Basing himself in his grandmother’s old house, where he is currently building a studio for local musicians to use, as well as for travellers passing through, he was determined to integrate himself into the local culture as much as possible when he first moved there. “I feel very comfortable when I’m there,” he says. “I made an effort to learn the local language, the first time I properly went back. It’s quite easy to break down those barriers when you’re speaking the language. The integration into the culture meant I wasn’t just there as a well-to-do outsider who wants a holiday.”
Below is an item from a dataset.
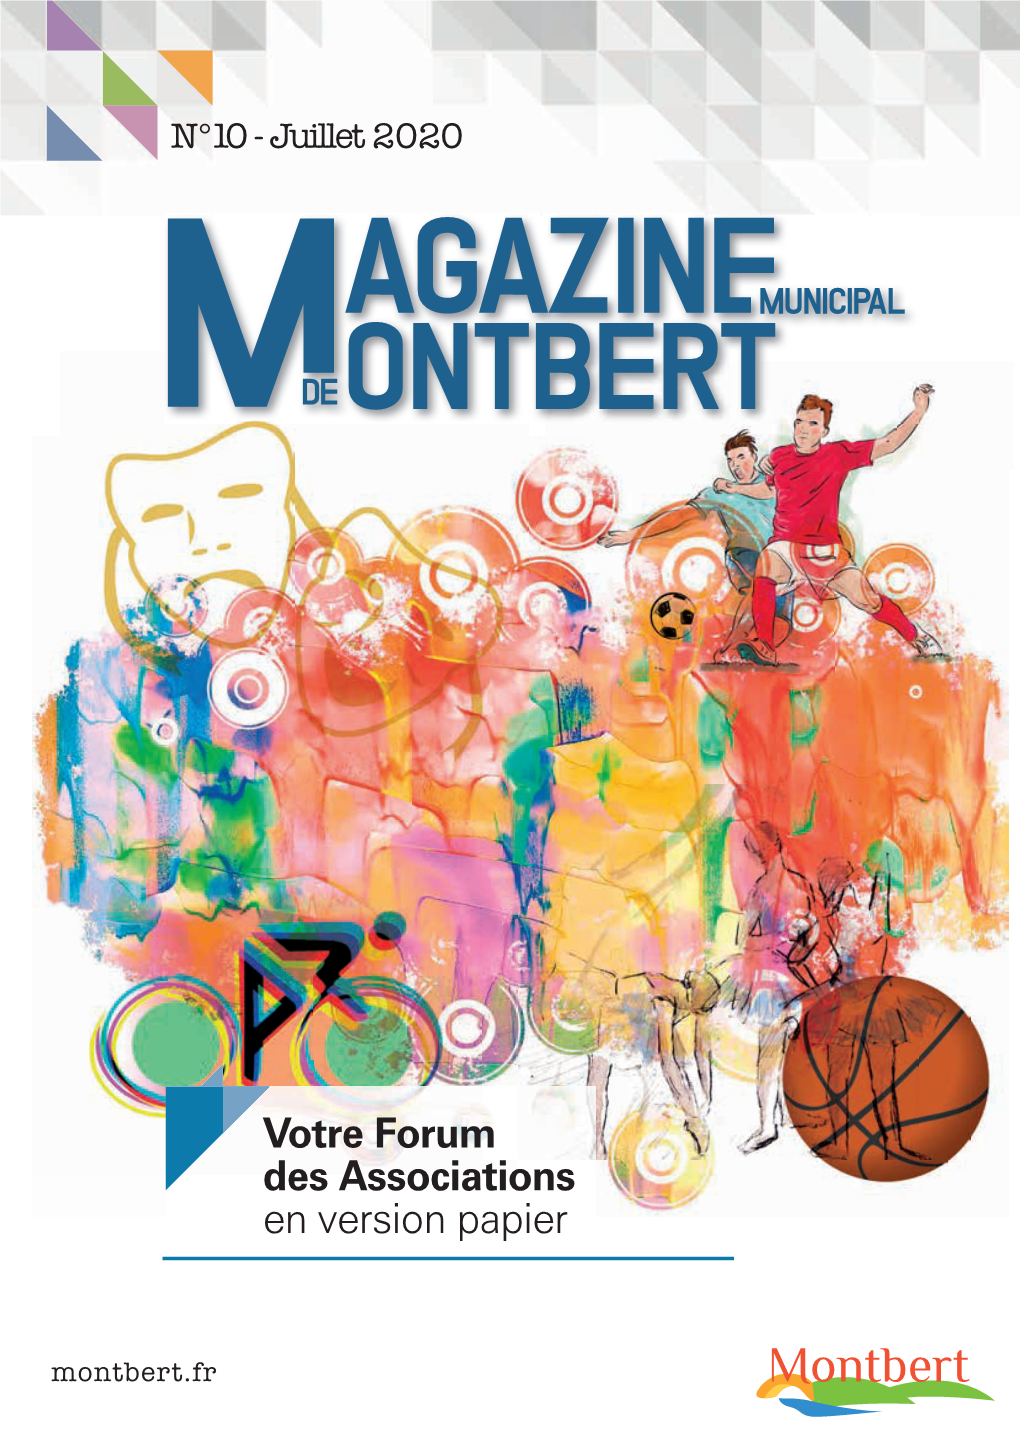 01 Magazine Municipal De Juillet 2020- Montbert

Despite immersing himself into the local culture, however, he says he’s still perceived as an outsider. “It sounds weird for a lot of people but we’re white. People will shout ‘white man!’ at you in the street,” he tells me. It’s an experience I can relate to, having travelled to Ghana, where my own father’s family is from. “I always have to keep explaining myself to people out there and it gets frustrating, having to prove I am actually Sierra Leonean. People almost laugh at it; it’s like you’re a novelty.”

But if anything, these jarring experiences – having to constantly balance competing perceptions of his own identity – have made for fertile creative ground. They formed the basis of the 2 Sim record, released in 2018, which was based on field recordings and WhatsApp chats with friends. ‘2 Sim’ is a Sierra Leonean expression which refers to someone having two sim cards on their phone, but which alludes to being stranded between two cultures or identities. Help deals with these contradictions in more oblique ways. Themes of identity and belonging hover in the background. But the recorded conversations that formed his previous recordings have been stripped back, with the piano returning to the foreground. He uses the piano almost like he might a paint brush: using broad strokes of colour, which, on closer inspection reveal a variety of textures.

This is also a technique he learnt from Sierra Leonean weaving, at a project called War Wounded, which was founded to teach the craft of weaving to people displaced by the civil war of 1991 to 2002. “That was the excuse I initially used: I’m going to go to Sierra Leone to learn traditional weaving. I started off making figurative paintings, oil paintings and it went into spray painting, monochrome paintings. They’re stretched fabric over a wooden frame. So then I started to think about the fabric itself. More than just buying a fabric I wanted to learn how to make it. I remember seeing the weaving around Freetown, these crazy long thin strips being hand woven, so I thought, ‘Yeah, I’ll go learn that’.”

The techniques he learnt came from ingenious means “A lot of the people I was weaving with would go to the local market. They call it The Junks; it’s a second-hand market and you get big sacks of imported clothes that no one’s even looked at. You just buy it all by the weight. You pull through the knitted jumpers and you unthread a yarn from them and then someone will be sitting down, winding that back onto a bobbin. It’s completely deconstructing and reconstructing the fabric. It’s amazing.”

Deconstructing and reconstructing; unfurling a thread and turning it into something else. This could just as aptly describe Timothy’s approach to music and art, in which thematic threads – explorations of diaspora, family and identity – have morphed into something else, with the simplicity of the piano melodies allowing you to focus on the details. “When there’s less, you pay more attention to the thing itself. It’s like if you’re listening to ambient music, you start paying attention to the sound of the room, the acoustics, all of those details. I feel the same with the weaving. When you’ve got a plain cloth, you instantly see this is handmade, you appreciate those little nuances.”